What’s the science behind the amazing 3-point shooting of the Warriors Stephen Curry and Klay Thompson?

Klay Thompson throws a crisp pass to Stephen Curry, who launches a 3-point shot.  The ball follows a smooth, graceful arc before dropping through the hoop 28 feet away.

We should appreciate this simply for what it is: an awesome play by the Splash Brothers.  But science is all around us, so why not wonder about the science behind this feat of prowess?

The parabolic arc the ball follows is a result of the push Curry gives the ball and the force of gravity acting on it.  As the ball leaves Curry’s fingers it moves at an upward angle.  A physicist would say that the ball’s velocity has both a horizontal and vertical component; that is, the ball is moving both parallel to the floor and also in the up-down direction.

Once the ball is released, the only strong force acting on it is gravity.  (Air impedes the motion of the ball, but this effect is so small that it doesn’t significantly affect the motion.)  As a result of gravity, the ball’s vertical motion slows and slows until the ball hits the peak of the arc.  It is no longer going up.  Gravity continues to pull on it, so the ball begins to fall back to Earth, going downward faster and faster. 

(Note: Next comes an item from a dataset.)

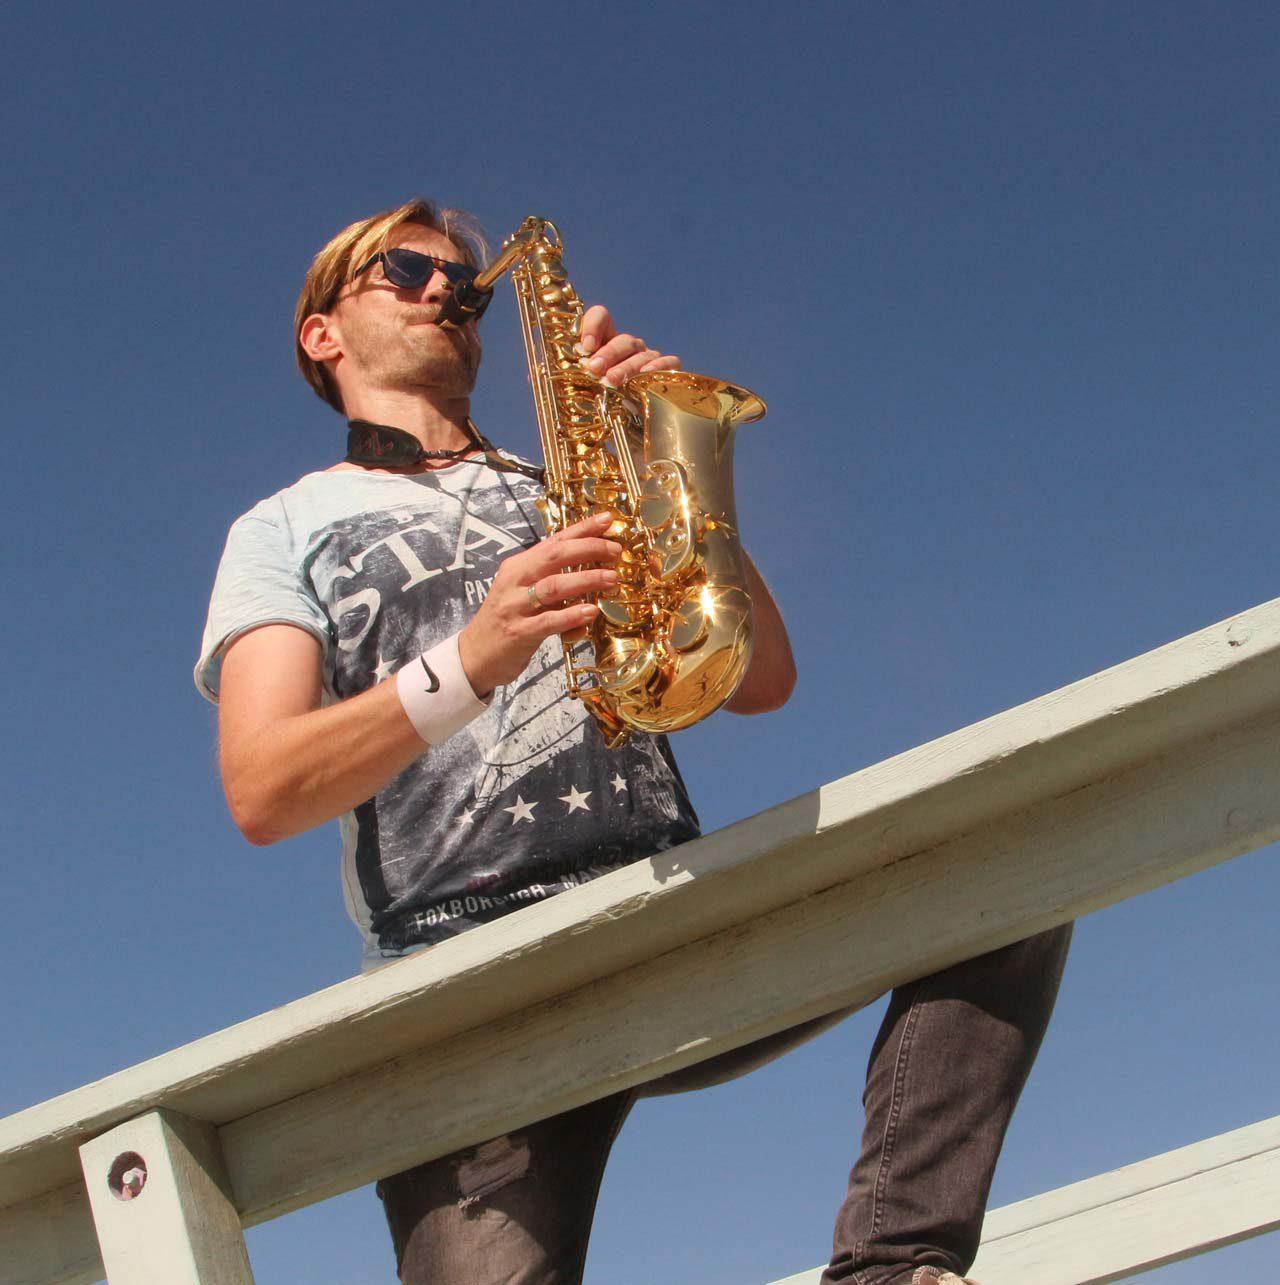 Saxophonspieler Mister Sax

Gravity only pulls on things straight down.  So gravity can only affect the motion of the ball in the vertical direction; the horizontal motion of the ball remains unchanged during flight.  The combination of a constant horizontal motion with the ball slowing down then speeding up in the vertical direction results in the parabolic arc.

Curry releases a 3-pointer at an angle of about sixty degrees from the horizontal.  A basketball fan would say he’s got a lot of “arc” on the shot, which is not unusual for good ball players.  The higher the curved path of the ball, the closer to straight down it’s moving as it nears the hoop.  That gives the ball more clearance to get through the rim compared to a low-arcing shot.

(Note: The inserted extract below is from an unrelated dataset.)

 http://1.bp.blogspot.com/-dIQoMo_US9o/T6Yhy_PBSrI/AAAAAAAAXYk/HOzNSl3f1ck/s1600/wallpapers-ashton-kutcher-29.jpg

For a 28-foot shot, Steph needs to impart a speed of about 30 feet per second – about 22 miles per hour – to get the ball to drop dead center through the hoop.

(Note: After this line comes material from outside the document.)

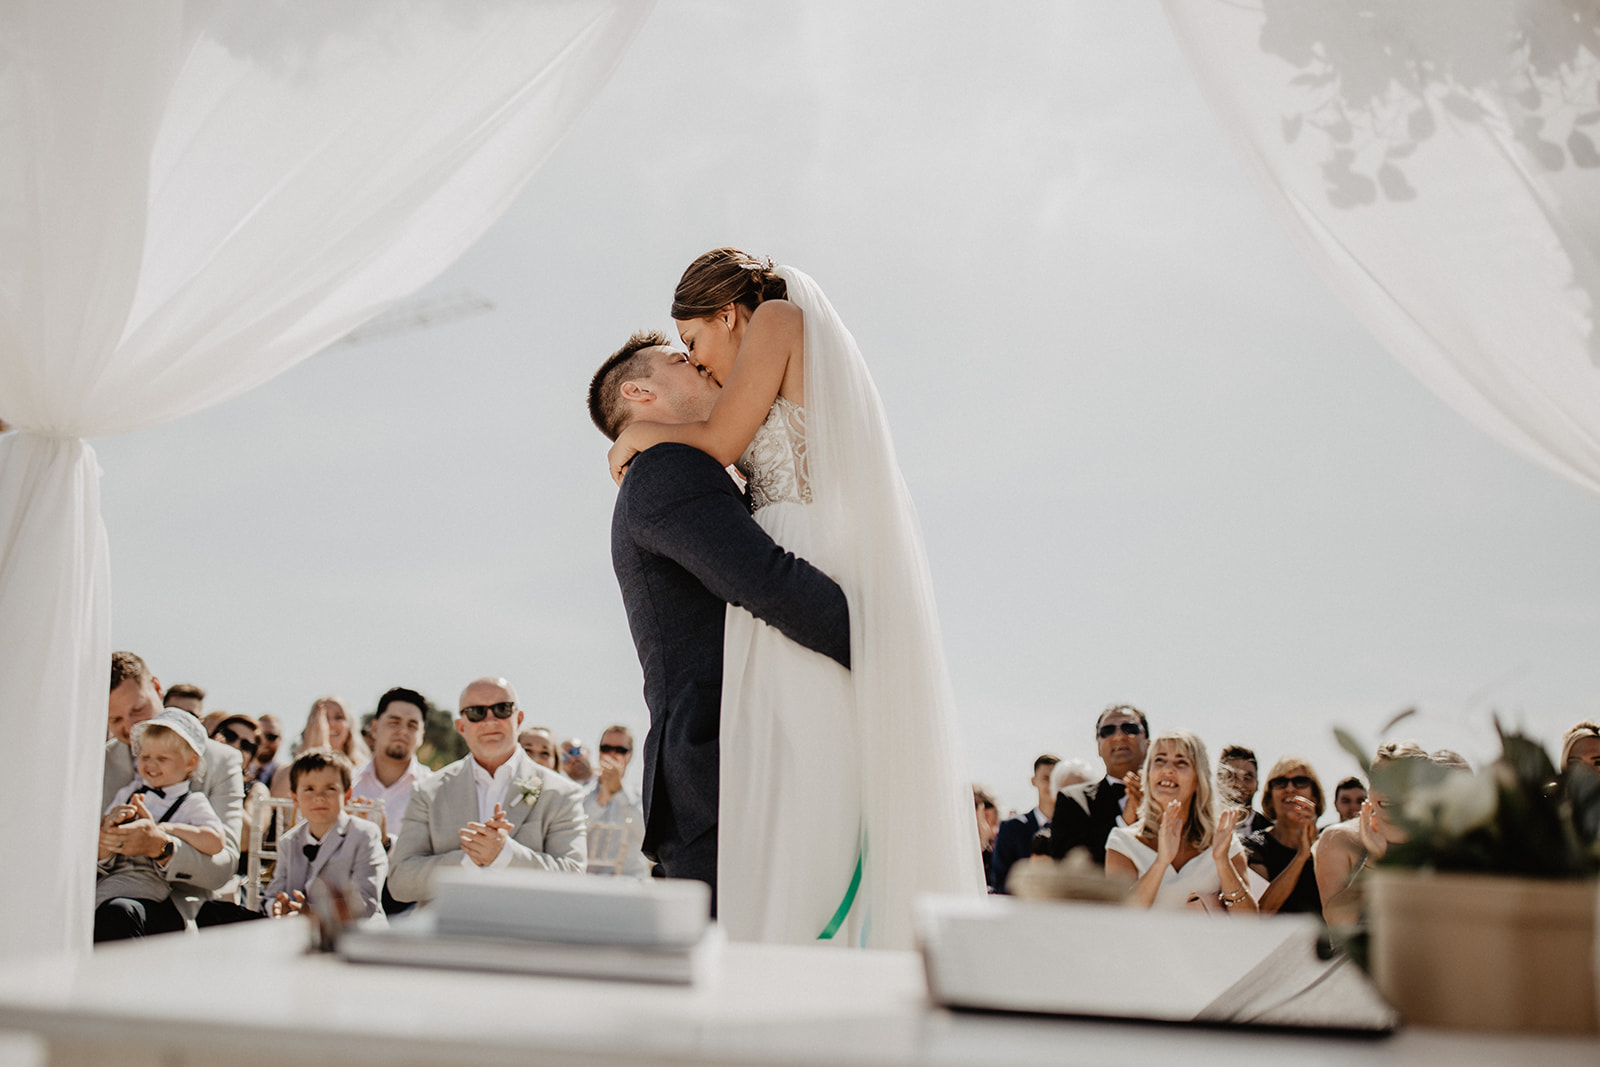 Lapela-photography-wedding-algarve-portugal-best-of-39.jpg

For a 28-foot shot, Steph needs to impart a speed of about 30 feet per second – about 22 miles per hour – to get the ball to drop dead center through the hoop.  And what precision!  If his release speed is off by less than one percent or if the angle is off by just a half a degree or so “clang,” the ball hits the rim.  No basket.

What about the spin that Curry gives the ball as it leaves his hand?  Although the spin of an object can affect its flight through the air – this is certainly true of a pitched baseball – the motion of a basketball is essentially unchanged by the amount of spin.  Then why do the best players launch their shots with just that right amount of spin?  A basketball released with spin is what players call a “soft shot.”  A soft shot is much less likely to bounce hard off the rim or backboard if it doesn’t swish through the net.

Does Curry’s long jumper almost look like it’s flying under its own power after he releases it?  There’s a good physics reason.  His shot is in the air for about one-and-a-half seconds.  Of that time, the ball spends a second above the height that is halfway up to the peak of the arc.  That means the ball spends most of its flight time higher up than its halfway mark, which creates the illusion that the ball is flying!

No basketball player – whether a middle schooler just learning the game or a professional like Klay Thompson or Steph Curry – thinks about shooting as a physics problem.  We probably shouldn’t either.  Instead, enjoy the beauty, the grace, the athleticism.  But once in a while it’s okay to wonder about the science too.